Background information
- Also known as: Alex
- Born: Alexander Cielma Miliarakis 30 March 2001 (age 25) Hässelby, Stockholm, Sweden
- Genres: Hip hop; Gangsta rap;
- Occupations: Rapper; singer;
- Instrument: Voice
- Years active: 2019–present
- Label: HotSpot Music

= Greekazo =

Swedish rapper (born 2001)

Alexander Cielma Miliarakis (born 30 March 2001) known professionally as Greekazo, is a Swedish rapper.
 Greekazo grew up in Hässelby in Stockholm and was born to parents of Polish and Greek background.

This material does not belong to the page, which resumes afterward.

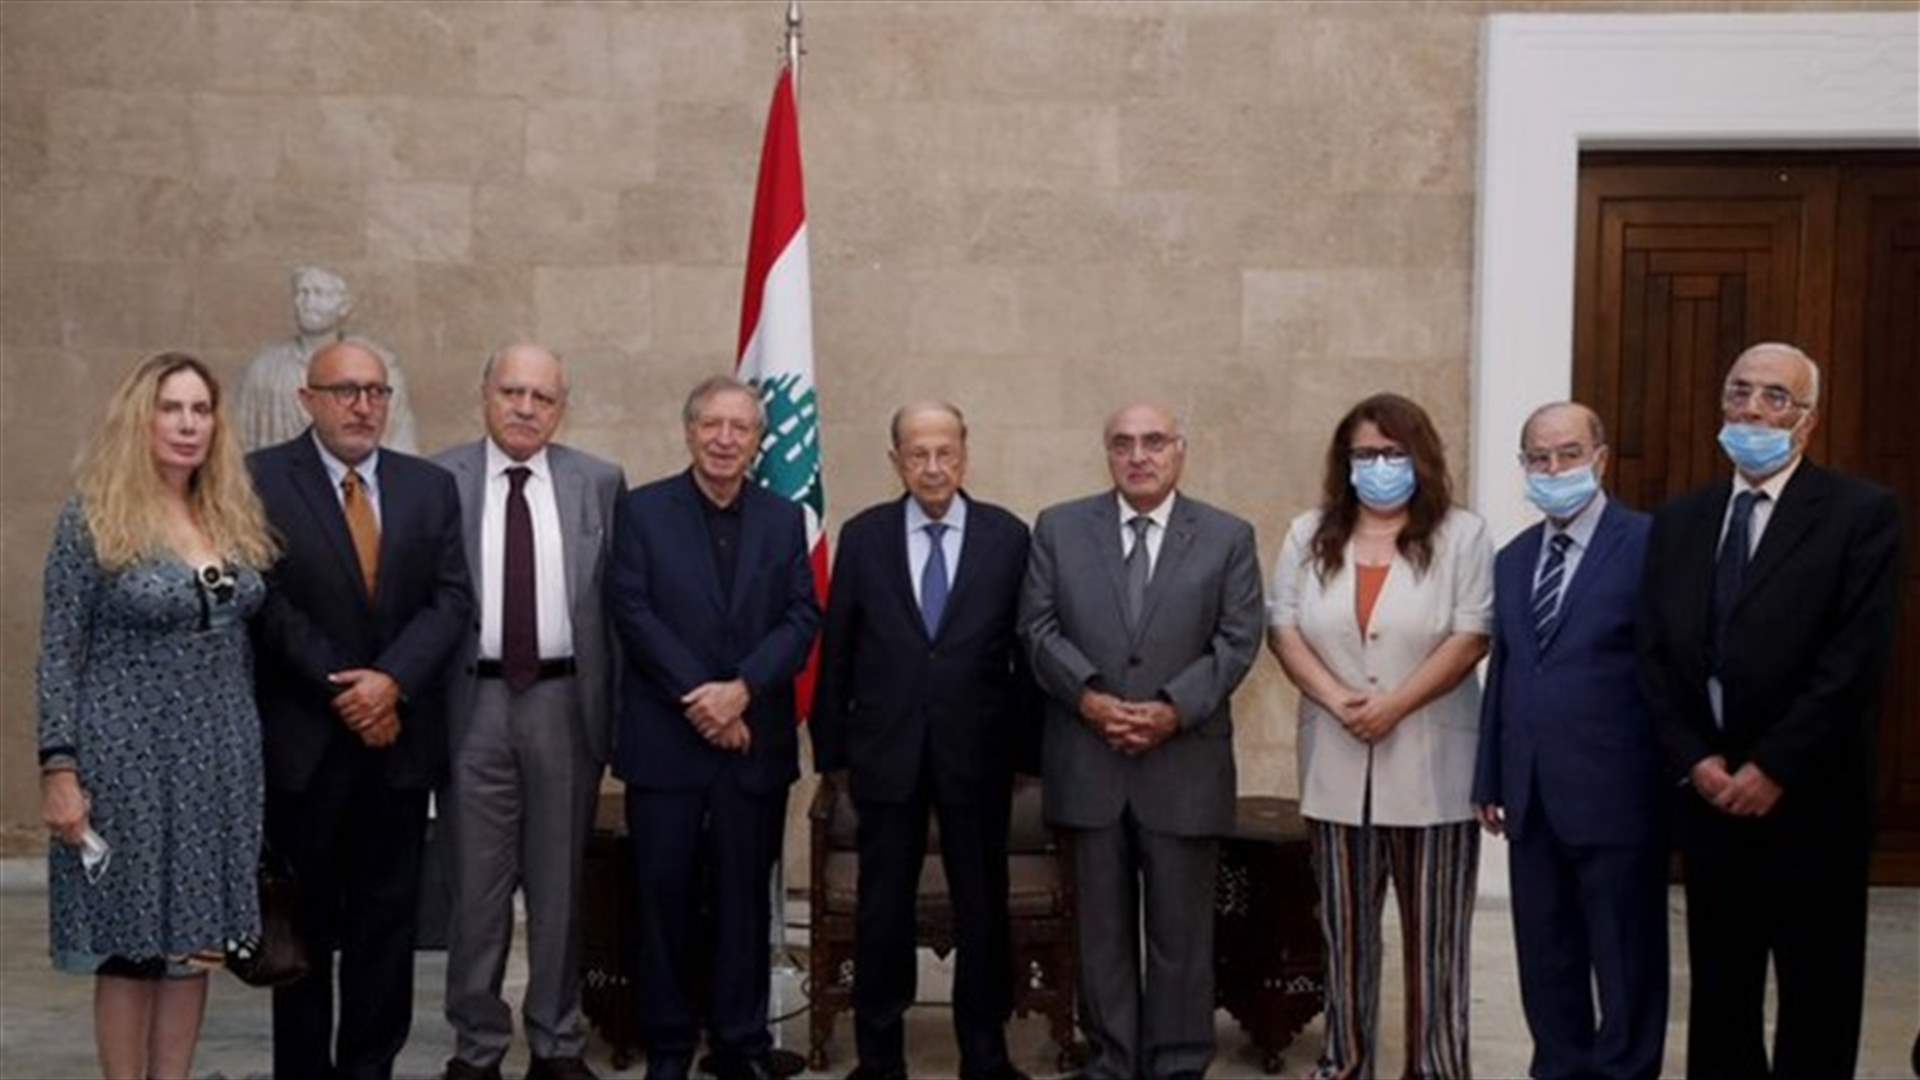 عون: لبنان لن يتنازل عن حقوقه في المفاوضات غير المباشرة لترسيم حدوده البحرية

Greekazo started his career on 31 July 2019, with the music single "HotSpot", which has received over 23 million streams on Spotify.

His other songs have been streamed over 60 million times on Spotify. He released his debut studio album Gör nu, tänk sen on 30 March 2020, which peaked at number three on the Swedish Albums Chart.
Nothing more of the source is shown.